Merci pour votre propos offensif et plein de franchise. Je vais tâcher de vous apporter des réponses avec la même franchise, au moins dans les domaines qui sont de ma compétence, mais aussi au-delà de vous livrer mon sentiment et ma vision concernant l'artisanat dans notre pays.
Je pourrais me contenter de vous dire que je suis conscient des difficultés que vous traversez et ajouter que la croissance revient, à force d'efforts – de sacrifices aussi. Je suis convaincu que ceux auxquels vous avez consenti ne sont pas vain.

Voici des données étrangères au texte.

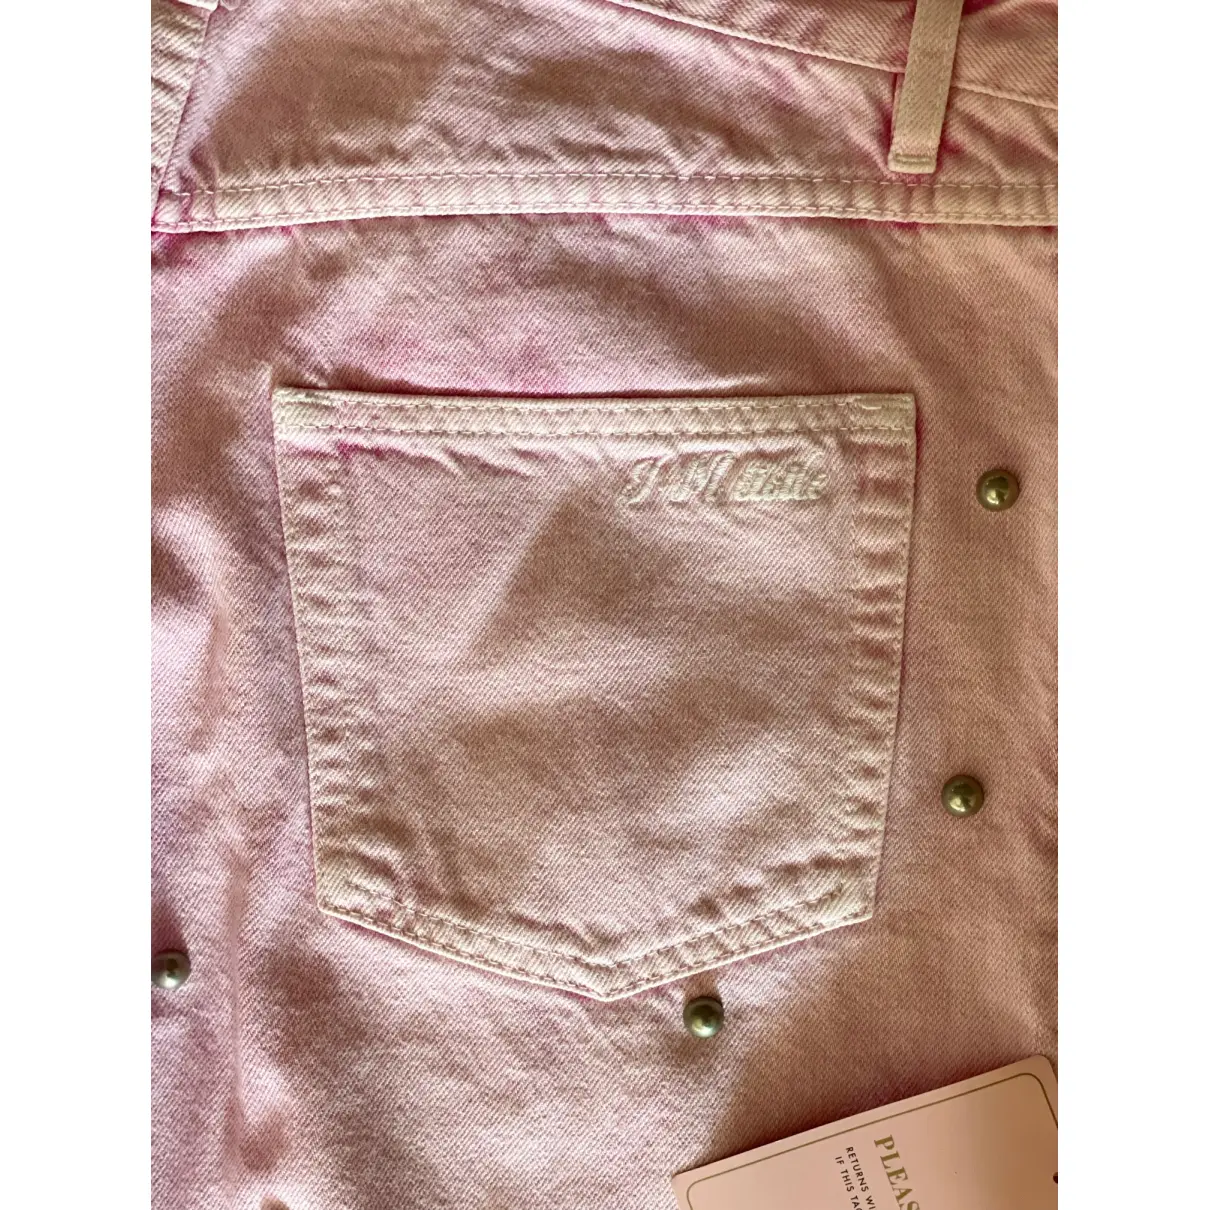 Straight jeans Isabel Marant Etoile
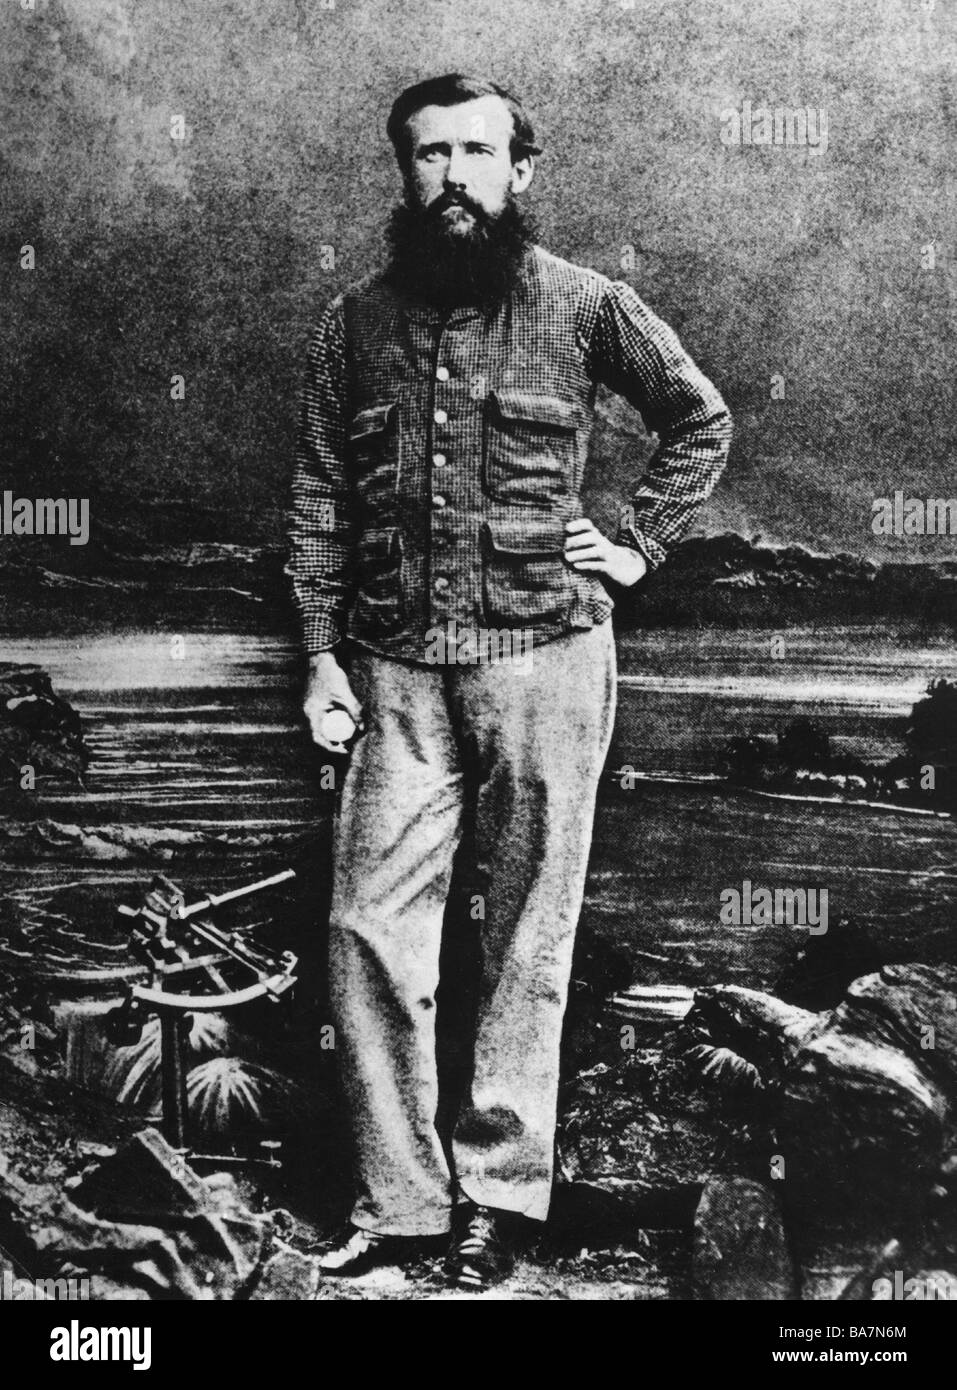 Speke, John Hanning, 4.8.1827 - 15.9.1864, british Africa explorer, lunghezza intera, daguerreotype, 19th secolo, Foto Stock

Mais, oui, il y a de la douleur dans ces efforts et ces sacrifices, pour vous, et pour d'autres dans notre pays.
Je pourrais aussi vous « caresser dans le sens du poil », comme l'on dit, et féliciter l'artisanat, première entreprise de France, largement contributrice à la richesse de notre pays, à l'entretien de savoir-faire et de l'excellence, mais aussi –et c'est peut être le plus important pour moi – à l'intégration des jeunes dans l'emploi par la formation et la transmission de compétences.
Tout cela est rigoureusement exact – vous avez dû l'entendre dans la bouche de nombreux ministres avant moi. Pourtant, ce n'est pas ce que je suis venu dire.
Je suis venu vous dire que ce que j'apprécie dans l'artisanat, c'est quand il va de l'avant, quand il est plus fort que l'adversité des temps.
J'ai de l'artisanat cette image de travailleurs qui aiment ce qu'ils font, qui connaissent le privilège de faire de leurs mains et de laisser quelque chose derrière eux, contrairement à ces métiers tellement immatériels qu'il ne reste rien une fois l'instant de travail passé. Et ce n'est pas parce qu'on est ici à la Bourse que vous êtes obligés de penser aux traders et autres « divas » des marchés financiers.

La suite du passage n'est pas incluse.